I consider myself lucky. I’ve had the privilege of
working with Howard Bleich and Warner Slack for
over two decades. They’re really both unique individuals, but they operate in a very interesting way as
a team. In some ways they seem like an odd couple:
On the surface, they couldn’t be more different.
Howard is quite meticulous. He has a very ordered
desk; he has computer files for everything, including
jokes that he uses in speeches. Warner, on the other
hand, doesn’t wear a watch. We all know in the laboratory not to give Warner the only copy of anything
that’s important because it will get lost on his desk.
William Stead, MD: I first met Warner Slack in 1970
when I was a medical student at Duke. I was developing a questionnaire for patients who had headaches,
under the direction of Ed Hammond. Warner had
developed similar kinds of questionnaires, and he was
willing to share them, actually giving us the source
code so that we could see how he had made this work.
In the mid ‘70s, when I was trying to build a model of
SAFRAN, Morris F. Collen Award
a consulting program, Howard was willing to give Ed
Hammond the complete source code of his acid-base
system so we could re-program it in a different language, and he gave us 50 cases to make sure it worked
the way it was supposed to. This total openness and
collaboration, I think, has marked their style.

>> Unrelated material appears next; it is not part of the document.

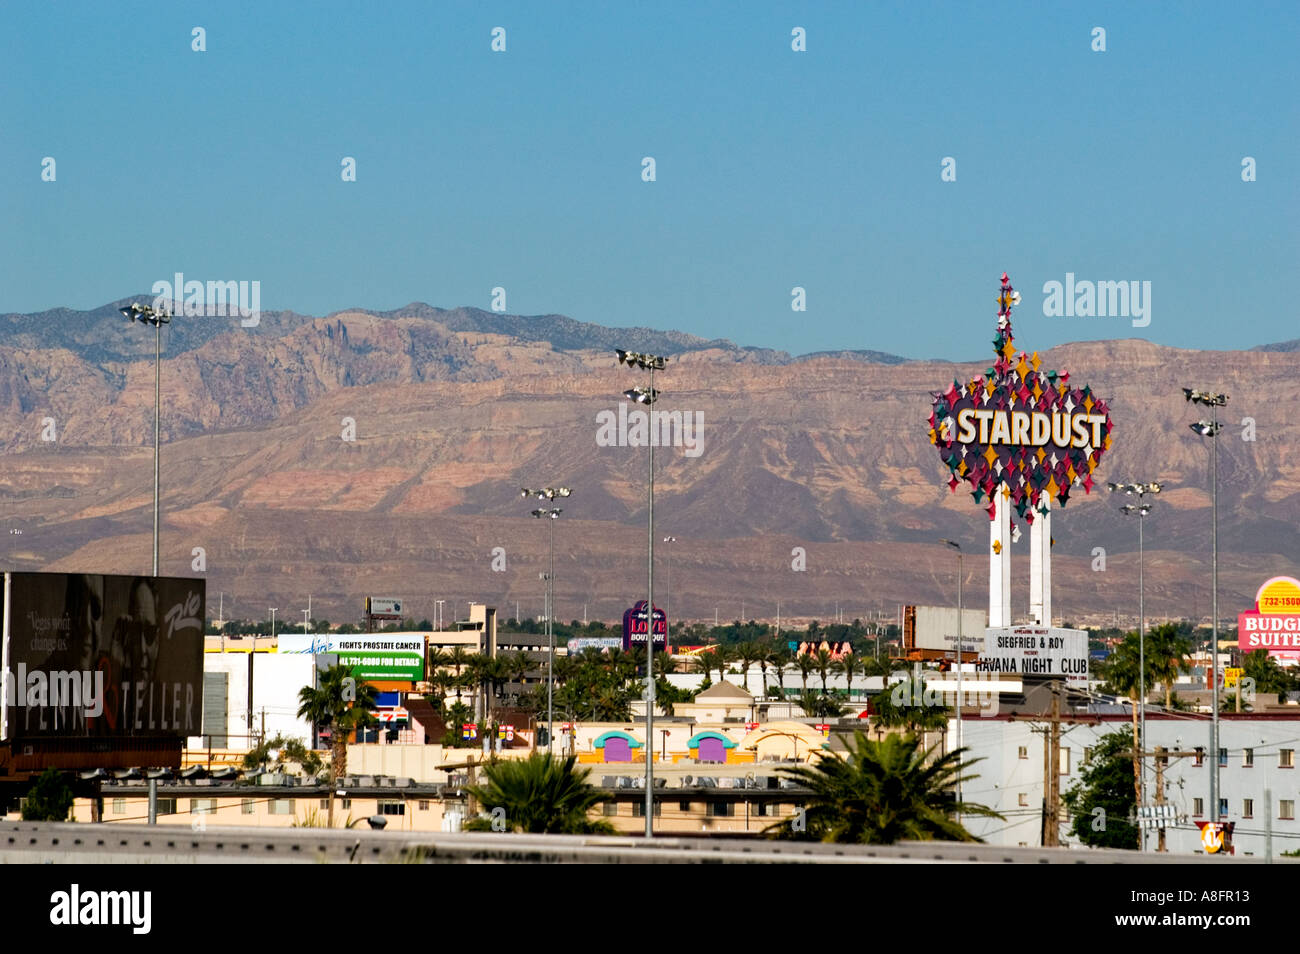 Stardust Casino Las Vegas High Resolution Stock Photography and Images -  Alamy

This is a very generous thing in today’s climate. It
would be unheard of for a researcher to give their
computer code away now that we’re so concerned
about intellectual property and the like. Well, that
was never the way that Howard and Warner operated. They were really generous and they were deeply
concerned about every person that worked with
them. And this is reflected in the kinds of computer
programs that they were able to develop. That
human quality comes through in the way that they
taught us to design computer programs and interact
with other human beings.
Donald Lindberg, MD: It’s fun to have a chance to
congratulate Howard Bleich and Warner Slack in
receiving the Collen medal. Certainly, it’s well
deserved. Warner and I were together at the College
of Physicians and Surgeons. Our wives were friends.

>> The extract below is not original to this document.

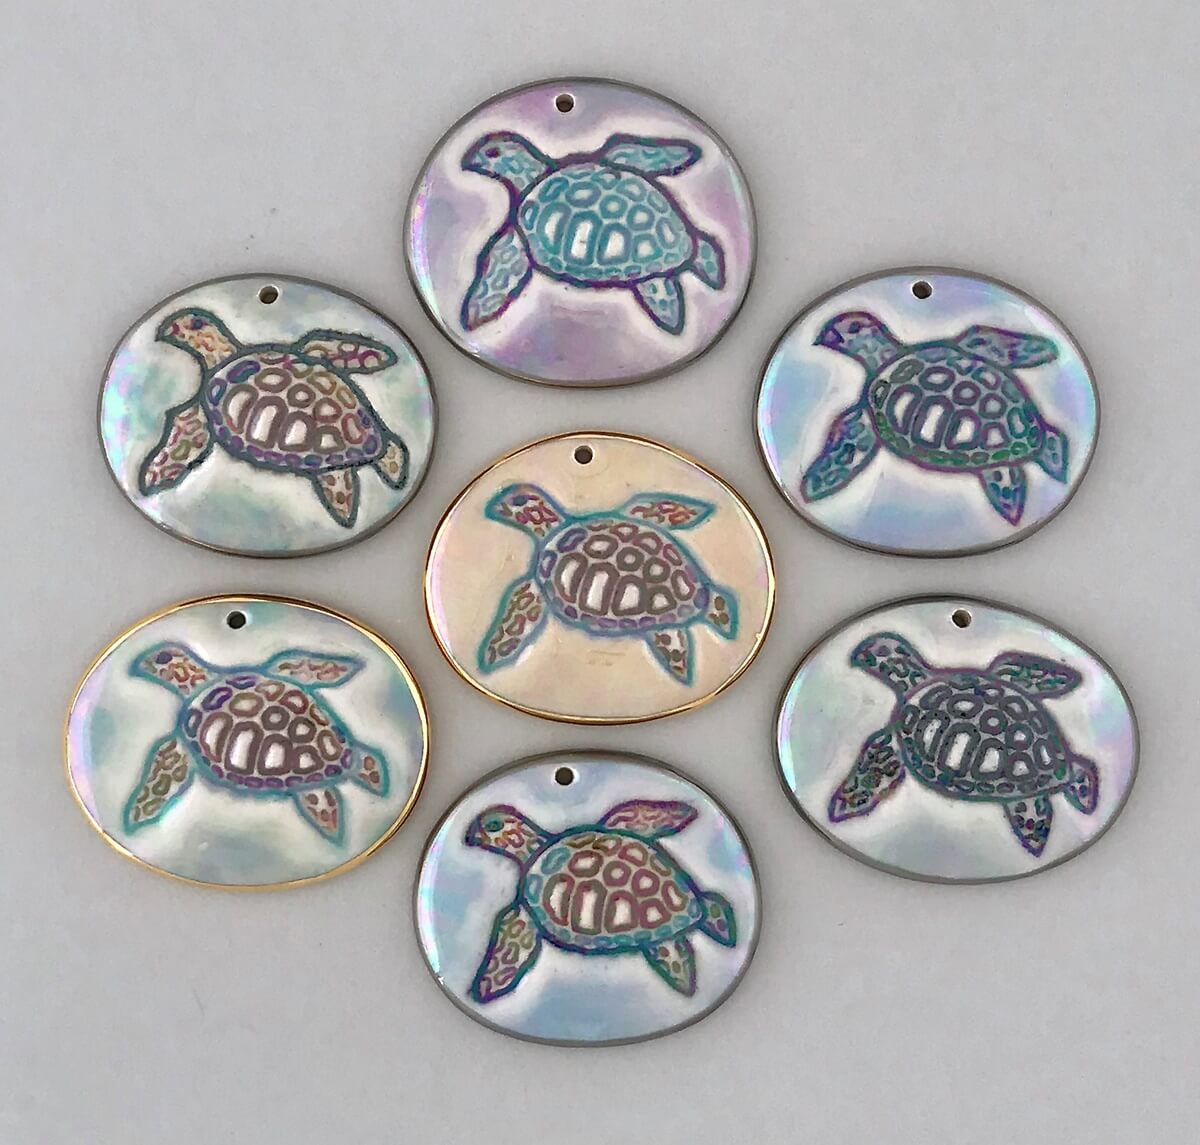 One of a kind sea turtle pendants, each one is individually handpainted.

So, we had a lot of the same background, and I think,
a lot of mutual appreciation.
In the case of Howard, I first met him, actually,
through the National Library of Medicine. I was on
the study section many years ago, and I was the primary reviewer of Howard’s proposal to make what
ended up being called “PaperChase.” I don’t remember who were the other reviewers, but I do remember
that I was able to defend it before the study section
on the grounds that certainly this was going to be an
honest piece of work. If it worked, it would be well
reported. If it didn’t work, it would be honestly
reported. Moreover, it was a good thing for NLM to
have an alternative “Plan B” for our users to have
another way to get to MEDLINE. And, of course, he’s
made a grand success of the work.
Stead: Summing up, their contributions are this
clear focus on how to use a computer to do things
that help real people, be they patients or be they
physicians.
Warner Slack has a saying about people, where he
describes them as being someone who he would like
to have in a foxhole next to him during a time of stress
or battle. I can think of no two people other than
Howard Bleich and Warner Slack who I’d rather have
in a foxhole next to me in time of stress. They are generous, warm human beings. They’re great men. No
two people better deserve to be this year’s co-recipients of the Morris Collen Award.